The Stir Amongst NBFCs: What Will Be the Impact on Small Institutions?
Recent crisis of Infrastructure Financing and Leasing Services Ltd (IL&FS), a NBFC, has triggered so many future concerns. There are many fresh regulations are possible on NBFCs and other financial institutions. Will it cause any difficulty for big houses or it will hit badly the smaller financial companies?
What is a NBFC?
In India, according to the Companies Act, 1956, a Non Banking Financial Company (NBFC) is a company which is primarily engaged in loans and advances, acquisition of shares/stocks/bonds/debentures/securities, engaged in insurance business. This type of company can not open current and savings accounts and can not be involved in payment and settlement system. It can not accept demand deposits and can not issue cheques or accept demand drafts. It’s primary business is investment and lending. They are regularized and monitored by the Reserve Bank of India (RBI).
There are many popular NBFCs in India like Bajaj Finserv, Mahindra Finance, Tata Capital etc. These companies do not open current or savings accounts for customers but they can lend to their customers. These companies offer services such as individual (personal) loan, home loan, SME loan, gold loan etc.
How do NBFCs Raise or Arrange Money?
A NBFC may arrange money from different sources. Popularly they borrow money from other financial institutions like banks. They also accept non-chequable money from their customers in form of term deposits. This term deposit may be in form of lump-sum amount or in form of systematic investments. All the processes of fund raising and lending are regularized by the RBI. There are some regulations from RBI which are imposed while fund raising and lending.
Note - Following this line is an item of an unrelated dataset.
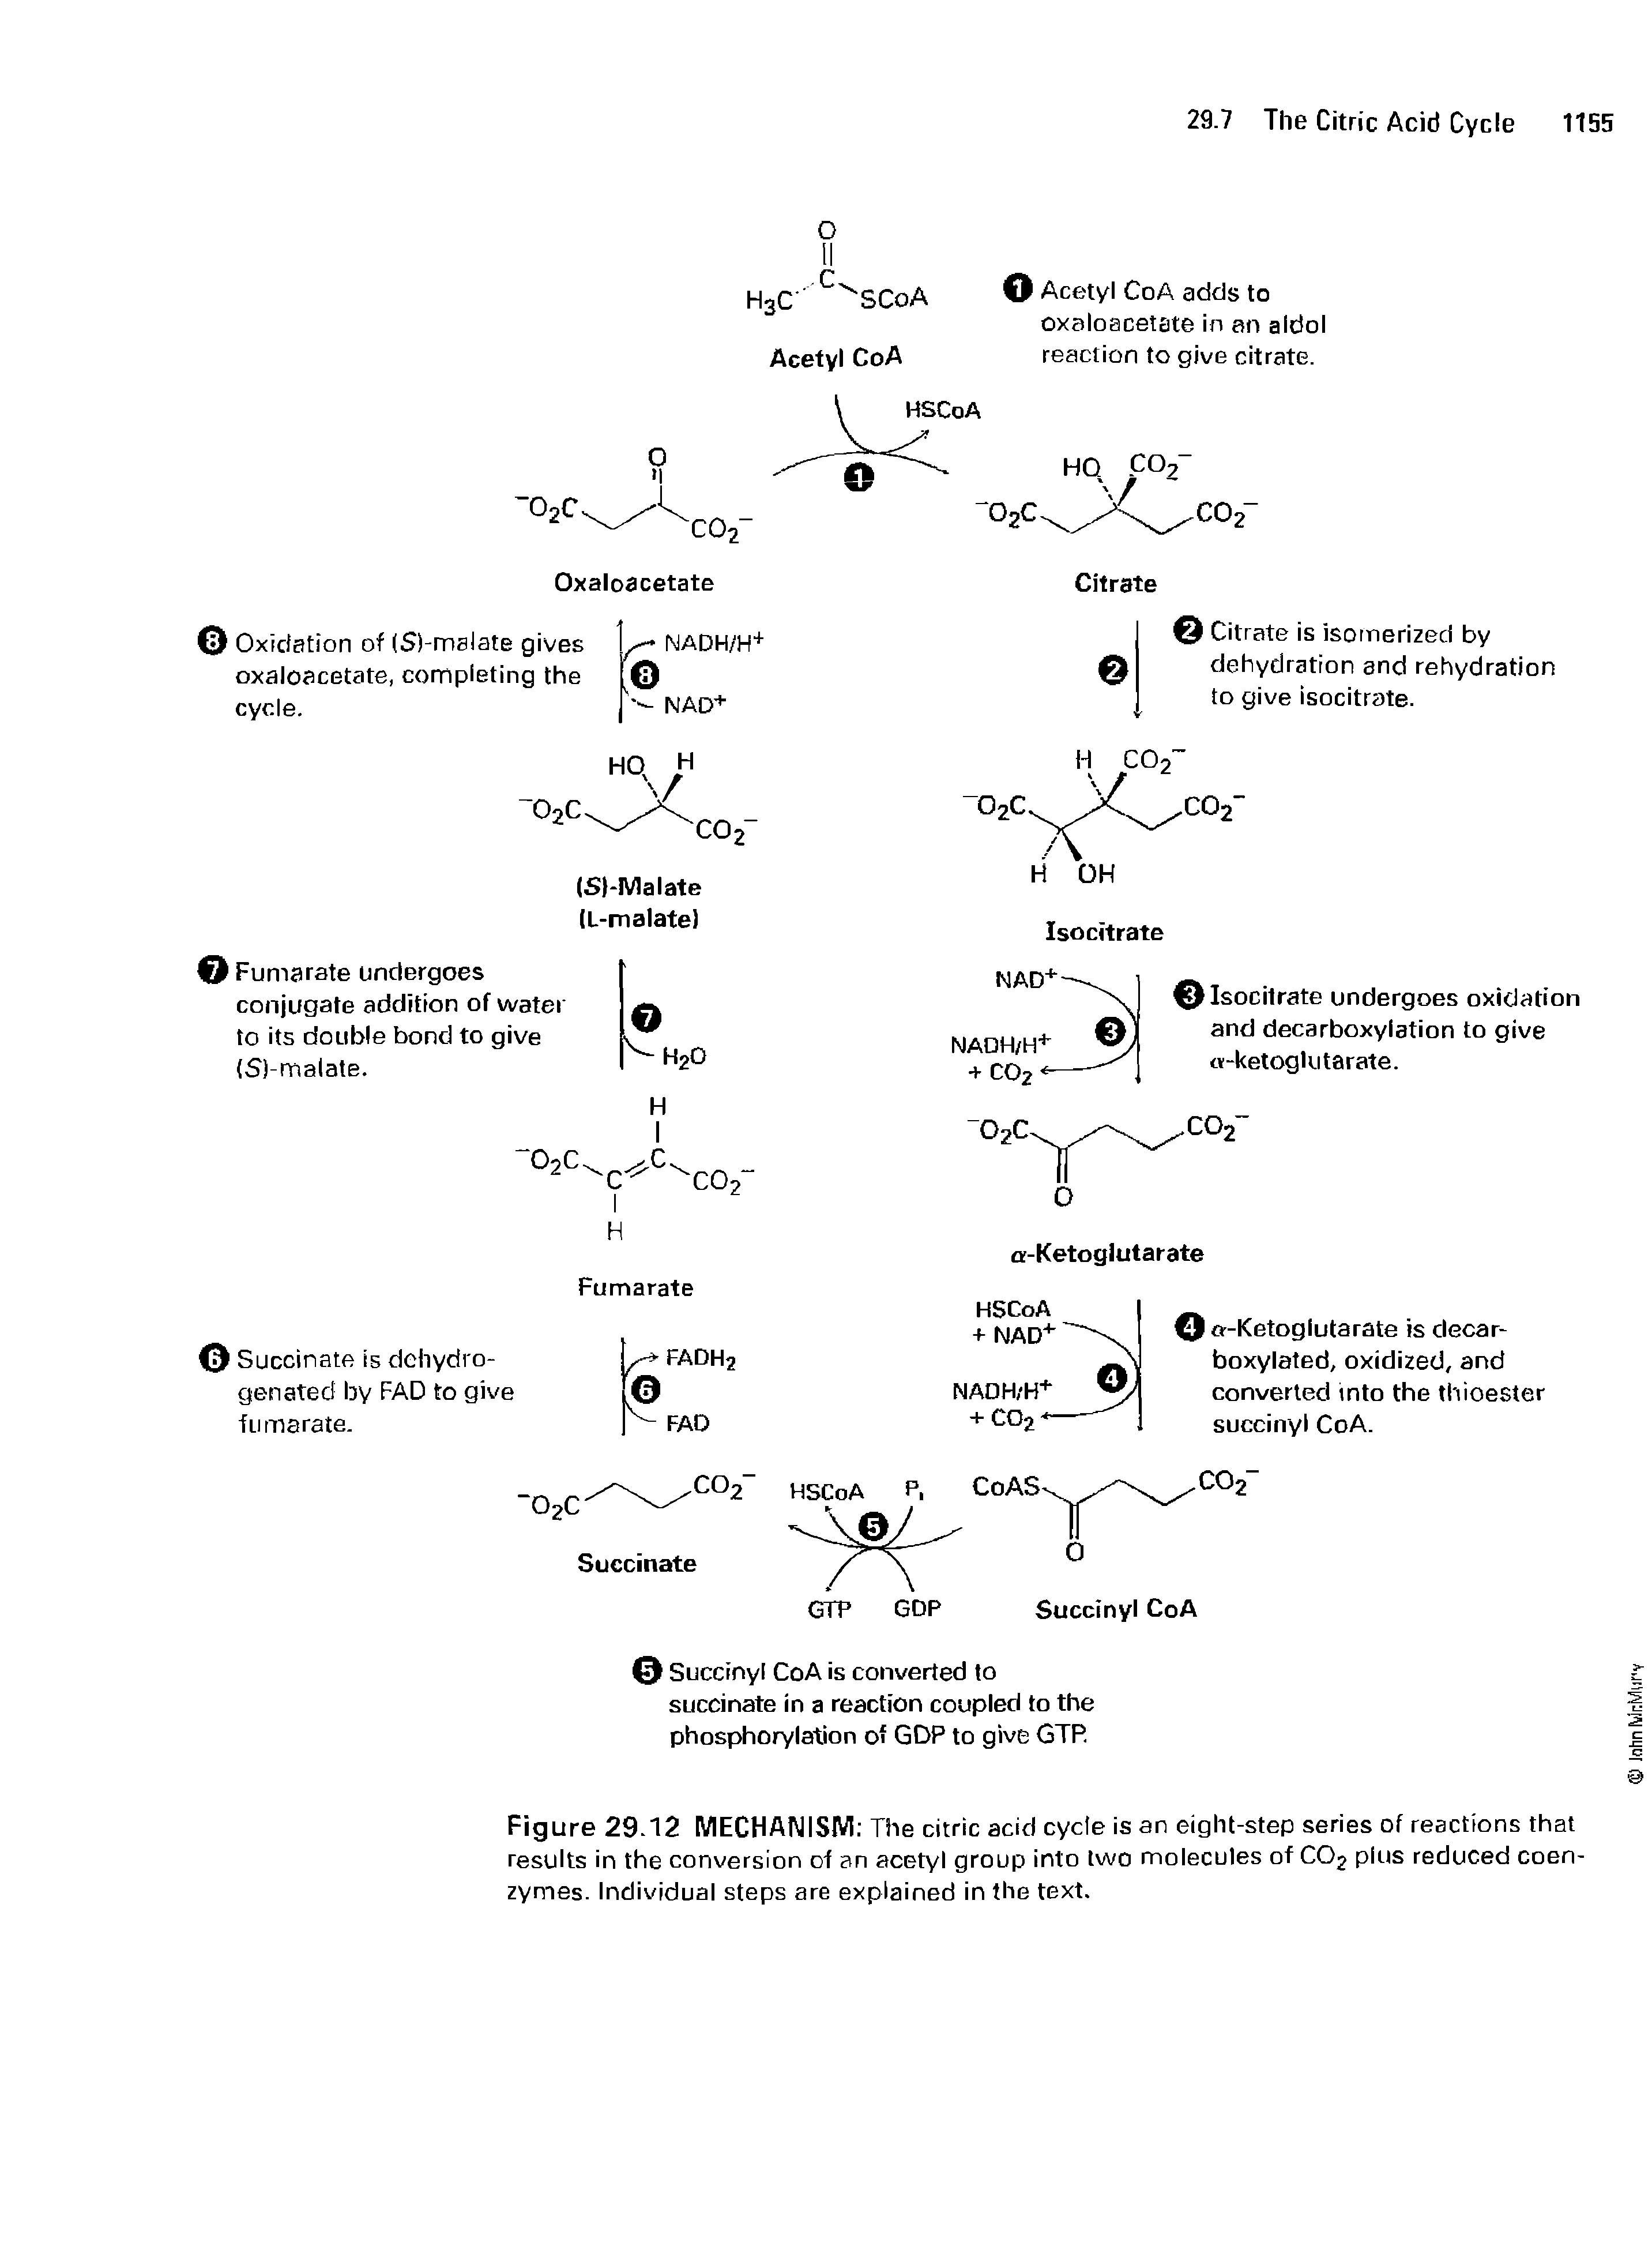 Figure 29.12 MECHANISM The citric acid cycle is an eight-step series of reactions that results in the conversion of an acetyl group into two molecules of C02 plus reduced coenzymes. Individual steps are explained in the text.

Infrastructure Financing and Leasing Services Ltd (IL&FS) is a leading infrastructure and finance company in India. It has defaulted on the payment of its lenders. At the time of its payment obligations of banks, it has defaulted to repay the loans. This default has hit hundreds of investors and stakeholders. This default created a panic situation in the Indian financial market and it is being termed as India’s Lehman Brothers case.
What is Next?
This crisis has created such a ground where the stand-offs has been started between the central government and RBI. It result in more tight regulations on financial companies. It may also result in the cancellation of licences of many such companies. However, it may not hit more on big financial houses but it may definitely cause a turbulence to small finance companies.